> [WHAT TO WORK ON]: Which lines run from the line with "Moldavite ring" through the line with "bureau calendrier 2024" in the entries below? Print them exactly, both ends included, and nothing more.

> [Records contained in a dataset]:
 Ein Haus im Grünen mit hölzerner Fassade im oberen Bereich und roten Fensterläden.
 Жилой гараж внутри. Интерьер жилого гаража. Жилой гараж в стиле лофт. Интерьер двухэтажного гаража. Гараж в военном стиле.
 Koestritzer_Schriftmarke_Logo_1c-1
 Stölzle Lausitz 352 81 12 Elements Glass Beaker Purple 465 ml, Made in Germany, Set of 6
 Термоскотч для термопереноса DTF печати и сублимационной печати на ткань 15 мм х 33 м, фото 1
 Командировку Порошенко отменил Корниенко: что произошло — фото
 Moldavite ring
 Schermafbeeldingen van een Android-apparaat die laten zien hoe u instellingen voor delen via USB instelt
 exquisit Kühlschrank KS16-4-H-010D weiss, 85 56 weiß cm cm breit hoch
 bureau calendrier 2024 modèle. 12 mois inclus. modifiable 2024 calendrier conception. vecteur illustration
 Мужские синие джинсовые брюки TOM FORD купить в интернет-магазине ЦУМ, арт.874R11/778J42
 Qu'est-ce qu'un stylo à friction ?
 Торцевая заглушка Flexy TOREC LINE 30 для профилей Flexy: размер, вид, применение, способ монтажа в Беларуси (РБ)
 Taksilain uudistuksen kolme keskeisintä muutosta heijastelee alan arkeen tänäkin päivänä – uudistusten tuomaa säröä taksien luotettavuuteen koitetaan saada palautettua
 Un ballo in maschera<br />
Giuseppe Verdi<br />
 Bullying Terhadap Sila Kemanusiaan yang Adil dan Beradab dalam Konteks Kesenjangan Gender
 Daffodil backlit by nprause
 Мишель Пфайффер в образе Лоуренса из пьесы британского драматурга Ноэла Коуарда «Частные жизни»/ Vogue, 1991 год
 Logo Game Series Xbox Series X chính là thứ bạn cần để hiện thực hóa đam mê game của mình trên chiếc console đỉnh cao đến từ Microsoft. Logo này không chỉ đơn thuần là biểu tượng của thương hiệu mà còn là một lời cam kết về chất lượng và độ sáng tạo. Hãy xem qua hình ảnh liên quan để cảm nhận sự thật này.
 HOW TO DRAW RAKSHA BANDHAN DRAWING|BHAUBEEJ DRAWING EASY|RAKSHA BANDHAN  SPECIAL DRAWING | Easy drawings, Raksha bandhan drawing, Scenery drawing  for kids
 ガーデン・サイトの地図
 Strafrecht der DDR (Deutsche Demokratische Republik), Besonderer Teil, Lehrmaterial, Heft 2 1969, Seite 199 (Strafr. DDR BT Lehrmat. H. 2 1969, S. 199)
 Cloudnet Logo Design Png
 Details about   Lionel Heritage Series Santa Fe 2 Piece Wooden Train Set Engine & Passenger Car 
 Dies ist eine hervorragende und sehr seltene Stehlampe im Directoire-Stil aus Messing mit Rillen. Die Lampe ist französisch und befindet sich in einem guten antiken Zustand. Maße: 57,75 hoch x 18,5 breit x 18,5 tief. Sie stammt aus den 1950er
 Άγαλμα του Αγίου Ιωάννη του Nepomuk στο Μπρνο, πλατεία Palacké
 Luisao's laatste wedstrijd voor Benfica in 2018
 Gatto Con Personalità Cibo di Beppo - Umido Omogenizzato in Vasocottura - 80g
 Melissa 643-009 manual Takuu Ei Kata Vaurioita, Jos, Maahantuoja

> [RESULT OF THIS EXERCISE]:
 Moldavite ring
 Schermafbeeldingen van een Android-apparaat die laten zien hoe u instellingen voor delen via USB instelt
 exquisit Kühlschrank KS16-4-H-010D weiss, 85 56 weiß cm cm breit hoch
 bureau calendrier 2024 modèle. 12 mois inclus. modifiable 2024 calendrier conception. vecteur illustration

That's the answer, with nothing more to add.